When captured by ruthless bandits, Jaffray fearlessly shared the gospel with them. After the bandits demanded ransom money, he responded, “We are missionaries. You have no right to demand a toll from us. Come now, be reasonable. Give us an offering and let us go.” When the bandits set him free in hopes of a future ransom, he said to them, “Don’t forget that Christ loves you.”
Being out on the Asian mission field for Jaffray and his workers involved praying for people to be healed and even delivered from evil spirits. Jaffray told a story how one of his workers, while praying for a demonized person, was almost strangled with chains. As he stood his ground, the person was set free, and the local area was now open to the gospel. Jaffray also told of an incident in Bali when during a plague where the witch doctor was unable to heal the people. The witchdoctor reluctantly gave permission for Jaffray’s worker to pray. Miraculously the sick were healed, and the epidemic was ended.
In 1938, with the Second World War approaching, Jaffrey, his wife Minnie, and adult daughter Margaret chose to return to Makassar, Indonesia after his sabbatical in Canada: “If I do not go back now, there is little likelihood I can ever go back at all. I must return to the Far East. I want to die out there where my life has been.” Eighty Alliance missionaries and forty-five of their children were imprisoned. Once back in Indonesia, he refused to leave “while one missionary is in the field.” Sadly, on July 29, 1945, Jaffray the unstoppable missionary publisher was captured and later died of starvation in a Japanese internment camp. Even in his dying, Jaffray never gave up on his passion to set his people free in Asia.
We thank God for his daughter Yu Zizhen/Margaret who picked up the missionary torch, preaching the gospel in Asia.
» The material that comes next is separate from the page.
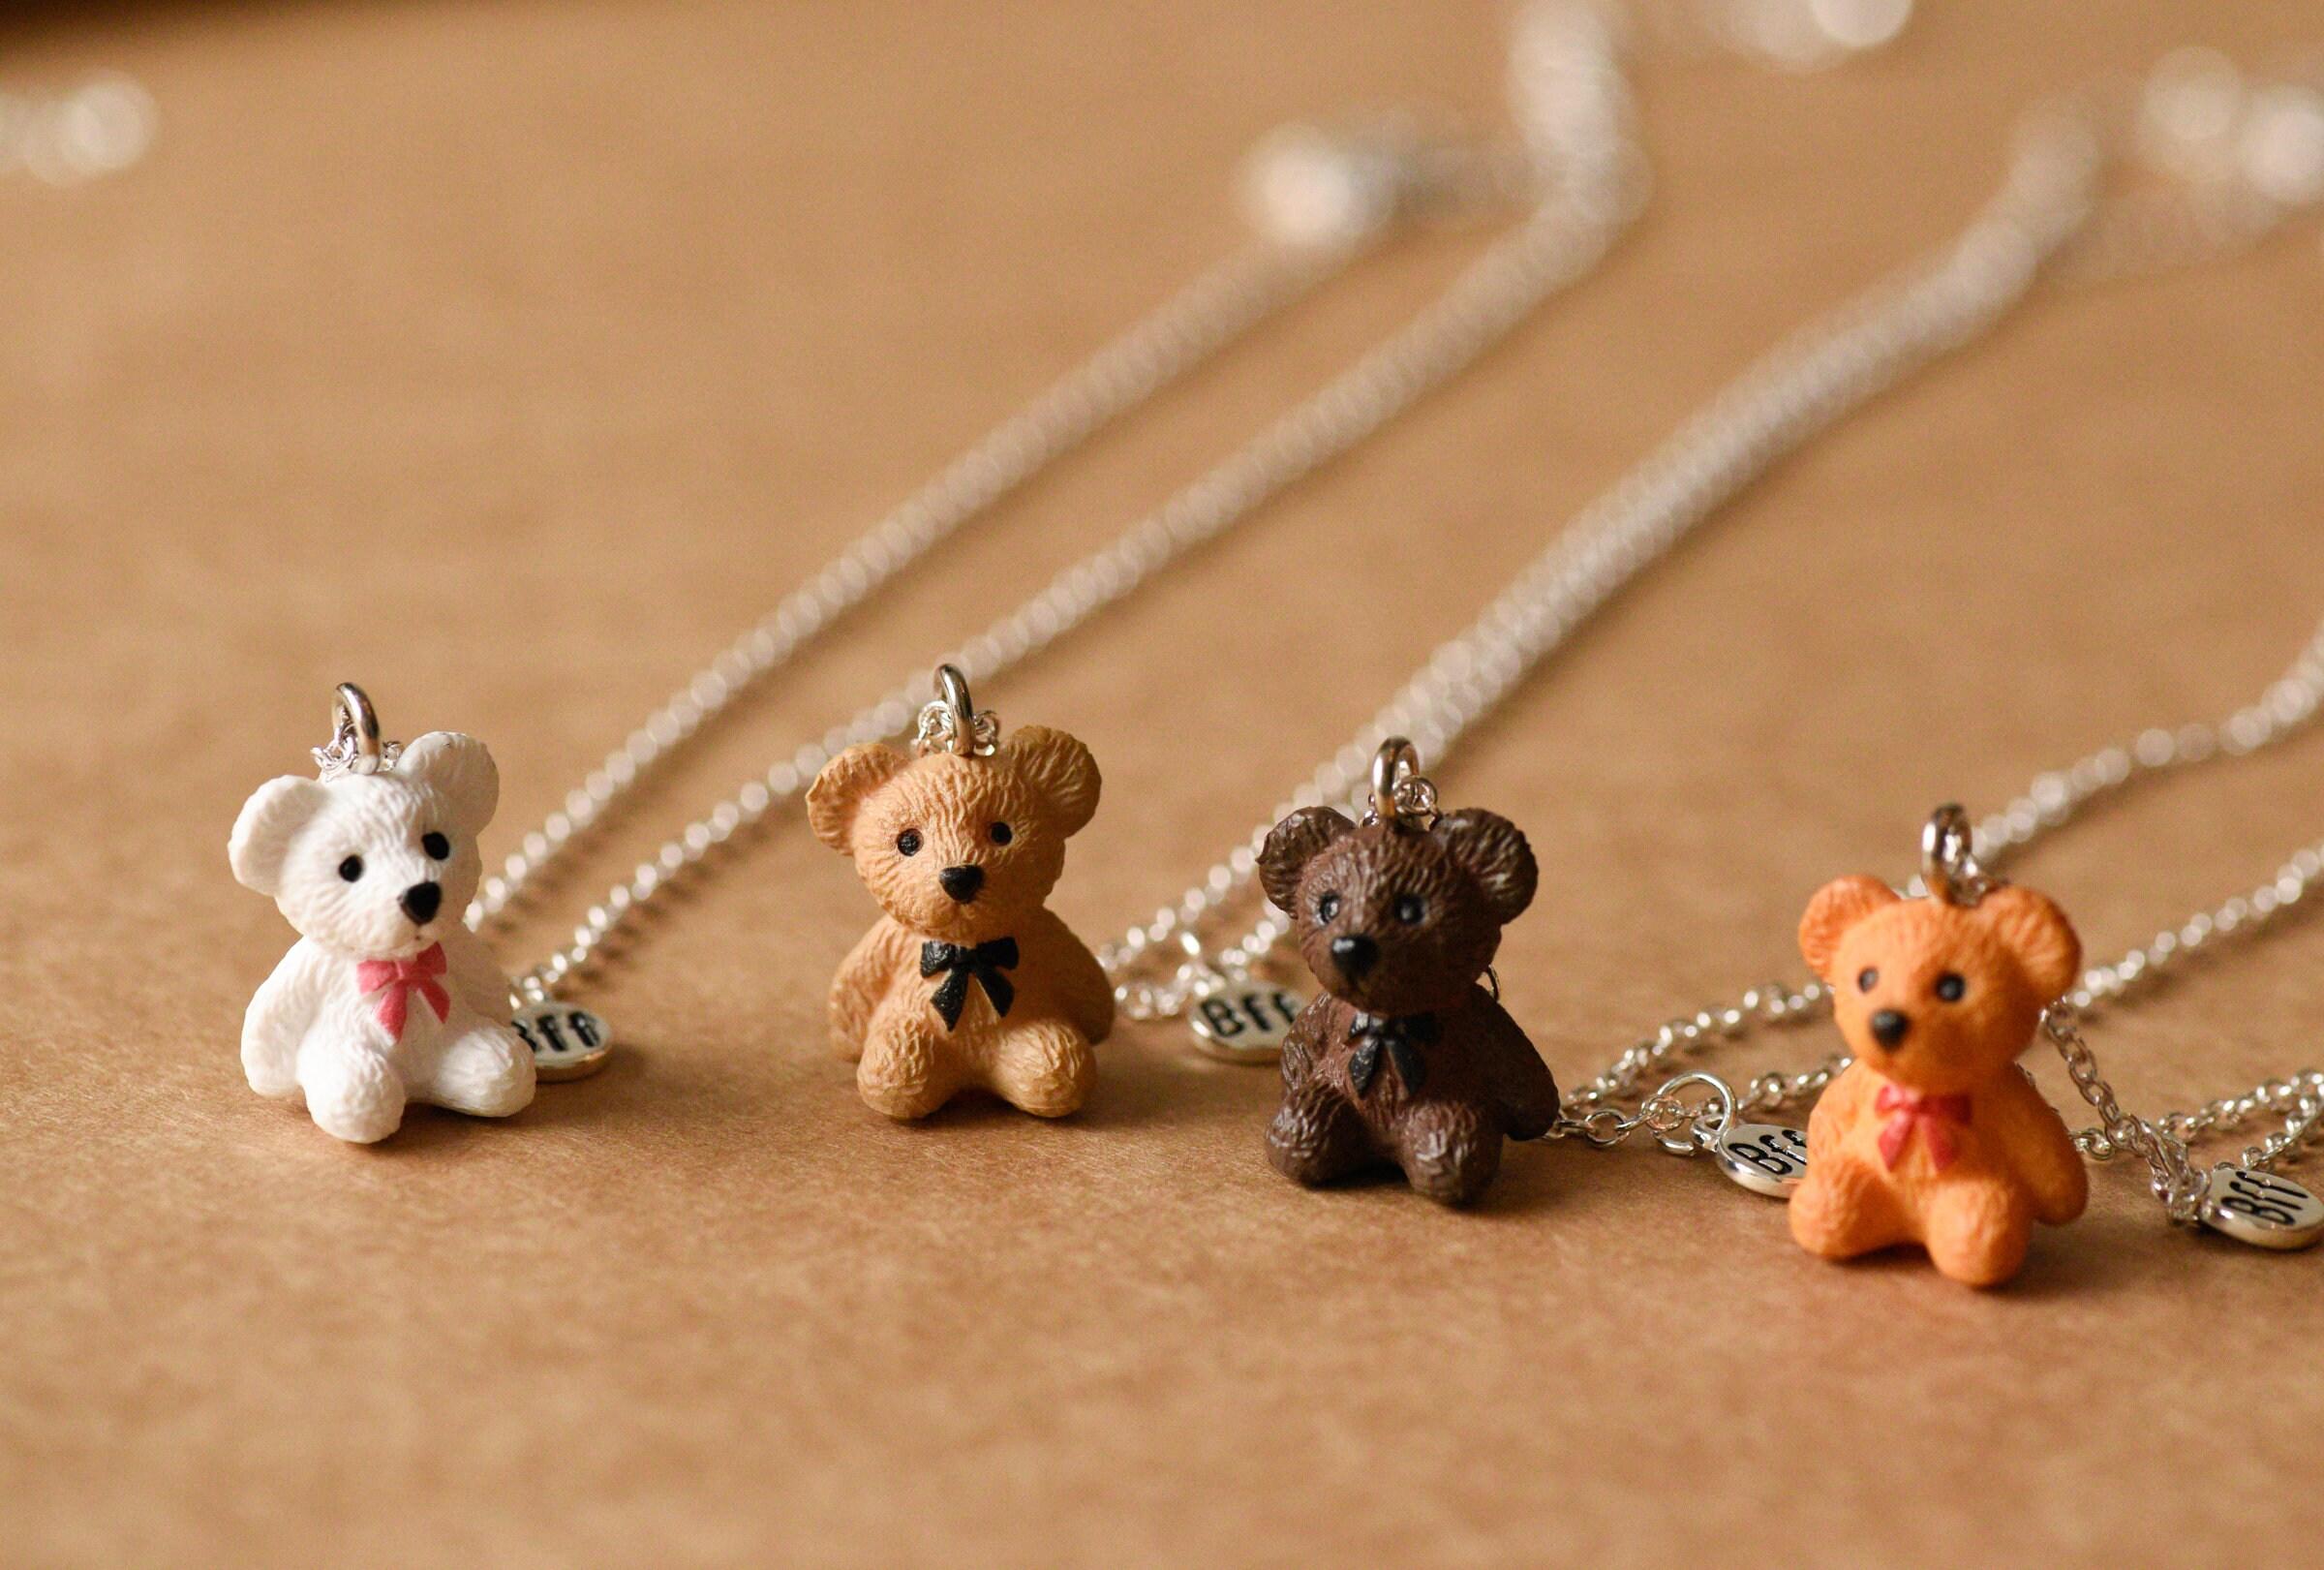 Super Cute 3D Teddy Bear BFF Necklace Best Friend Necklace

In his memory, the Canadian C&MA since 2016 has sponsored The Jaffray Project which so far has raised over a million dollars to send international workers to least-reached people groups. Thanks to Jaffray’s pioneering leadership, the Christian & Missionary Alliance in Vietnam today has more than one million members, over 550 ordained pastors, and over 2500 churches.
What would it take for each of us to be a little more like Dr. Robert Jaffray in his missionary passion for the lost?